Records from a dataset
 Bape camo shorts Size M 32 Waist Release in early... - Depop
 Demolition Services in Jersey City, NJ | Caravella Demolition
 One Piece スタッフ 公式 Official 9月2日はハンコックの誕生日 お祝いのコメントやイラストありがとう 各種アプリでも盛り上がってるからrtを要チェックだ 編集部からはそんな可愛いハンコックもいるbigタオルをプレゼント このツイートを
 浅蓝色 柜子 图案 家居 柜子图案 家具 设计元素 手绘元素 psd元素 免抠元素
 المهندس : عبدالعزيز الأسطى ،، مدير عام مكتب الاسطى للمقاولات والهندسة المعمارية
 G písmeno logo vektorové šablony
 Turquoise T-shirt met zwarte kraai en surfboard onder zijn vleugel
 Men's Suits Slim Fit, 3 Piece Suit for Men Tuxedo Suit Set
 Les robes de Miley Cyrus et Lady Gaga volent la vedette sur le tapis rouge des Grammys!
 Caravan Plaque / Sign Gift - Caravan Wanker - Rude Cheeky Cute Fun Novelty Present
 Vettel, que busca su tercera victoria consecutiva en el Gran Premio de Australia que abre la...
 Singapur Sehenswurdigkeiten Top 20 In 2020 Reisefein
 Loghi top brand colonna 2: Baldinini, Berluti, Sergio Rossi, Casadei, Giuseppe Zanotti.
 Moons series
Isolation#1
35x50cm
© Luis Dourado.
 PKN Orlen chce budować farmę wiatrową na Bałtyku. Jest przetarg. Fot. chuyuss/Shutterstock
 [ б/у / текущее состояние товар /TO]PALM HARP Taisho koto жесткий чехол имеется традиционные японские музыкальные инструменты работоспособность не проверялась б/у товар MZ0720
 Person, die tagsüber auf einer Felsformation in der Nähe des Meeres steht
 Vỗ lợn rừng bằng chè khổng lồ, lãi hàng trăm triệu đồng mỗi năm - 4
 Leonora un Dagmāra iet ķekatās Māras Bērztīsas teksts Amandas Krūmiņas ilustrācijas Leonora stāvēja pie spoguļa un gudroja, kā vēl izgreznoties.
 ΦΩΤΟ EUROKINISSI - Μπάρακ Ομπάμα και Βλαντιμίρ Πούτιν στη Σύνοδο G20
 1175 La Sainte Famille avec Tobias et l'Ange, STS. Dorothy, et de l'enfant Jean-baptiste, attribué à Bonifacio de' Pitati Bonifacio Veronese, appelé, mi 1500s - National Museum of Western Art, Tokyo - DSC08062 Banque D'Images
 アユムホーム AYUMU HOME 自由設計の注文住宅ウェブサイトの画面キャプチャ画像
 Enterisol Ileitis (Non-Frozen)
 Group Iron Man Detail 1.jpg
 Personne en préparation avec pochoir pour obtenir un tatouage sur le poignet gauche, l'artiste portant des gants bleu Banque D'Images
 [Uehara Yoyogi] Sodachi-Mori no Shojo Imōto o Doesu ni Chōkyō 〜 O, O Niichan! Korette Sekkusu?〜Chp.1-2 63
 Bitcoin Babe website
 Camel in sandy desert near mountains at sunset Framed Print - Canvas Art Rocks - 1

> What you need to do
Whenever the string "avec" turns up in a line above, copy that line out.

> Answer to the problem
 1175 La Sainte Famille avec Tobias et l'Ange, STS. Dorothy, et de l'enfant Jean-baptiste, attribué à Bonifacio de' Pitati Bonifacio Veronese, appelé, mi 1500s - National Museum of Western Art, Tokyo - DSC08062 Banque D'Images
 Personne en préparation avec pochoir pour obtenir un tatouage sur le poignet gauche, l'artiste portant des gants bleu Banque D'Images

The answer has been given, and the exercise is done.